To be clear, as a folklorist, I am not centrally concerned with whether these stories are true or not. I am more interested in what stories circulate the most and why. The rumors, legends, and conspiracy theories people hear and tell, particularly within their trusted social networks, play a significant role in how people grapple with uncertainty and fear. Stories placing blame on some known or unknown “other,” for example, can exaggerate the risk that is located outside our familiar social worlds. This, in turn, can mitigate the idea that we, or those closest to us, are dangerous ourselves, making the outbreak fit more easily within people’s worldviews.
So, why is it important that we pay attention to these stories? Why do they matter?

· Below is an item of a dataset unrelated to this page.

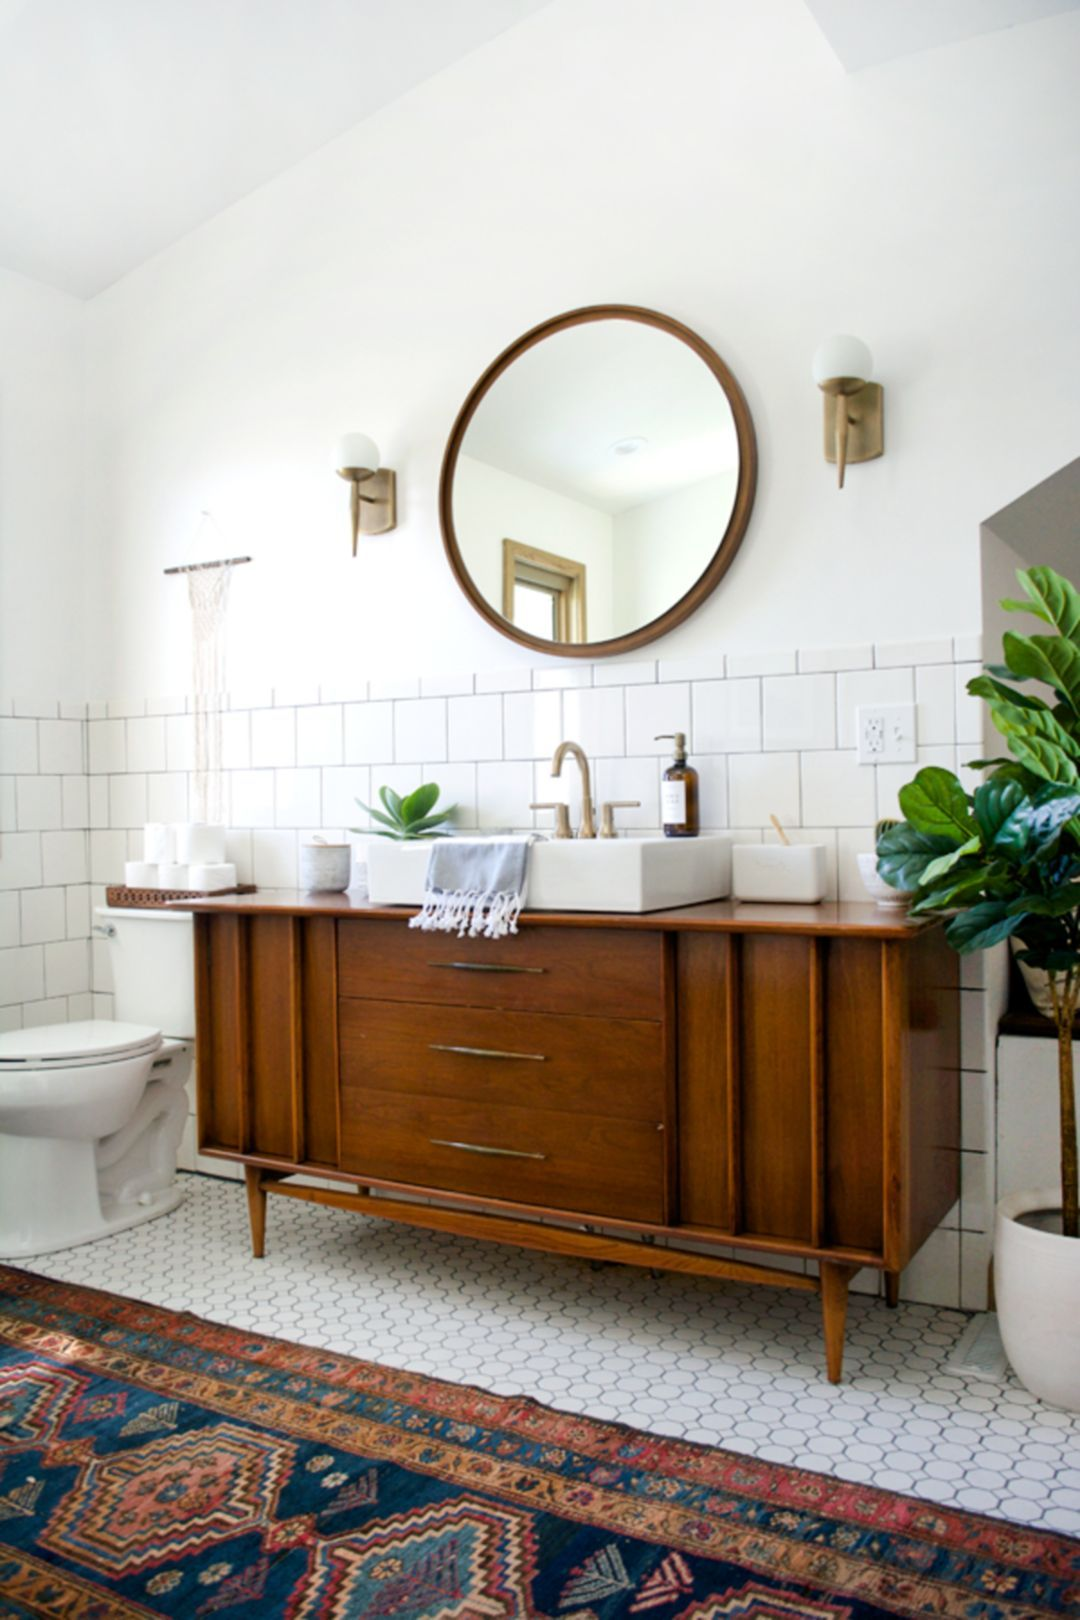 34+ Vintage bathroom cabinet ideas model

The stories that people tell, retell, and listen to affect how people assess their personal risk, which has very real public health implications. They also affect official policy responses to outbreaks — for example, interventions that focus on strengthening both the symbolic and tangible boundaries between “us” and “them.” And as the alarming rise in cases of violence against Asian-Americans in the United States clearly illustrates, stories have the potential to reaffirm the stigmatization of specific groups that already occupy marginalized, or contingent, positions of belonging.
Ultimately, while the specific details differ, the foundational elements of stories about frightening disease outbreaks remain remarkably similar. We have seen these stories before and we will most likely see them again. As we (often unwittingly) draw from stories shared in the past to make sense of the present, it is worth thinking critically about which stories are the most tellable, and why we find them so compelling.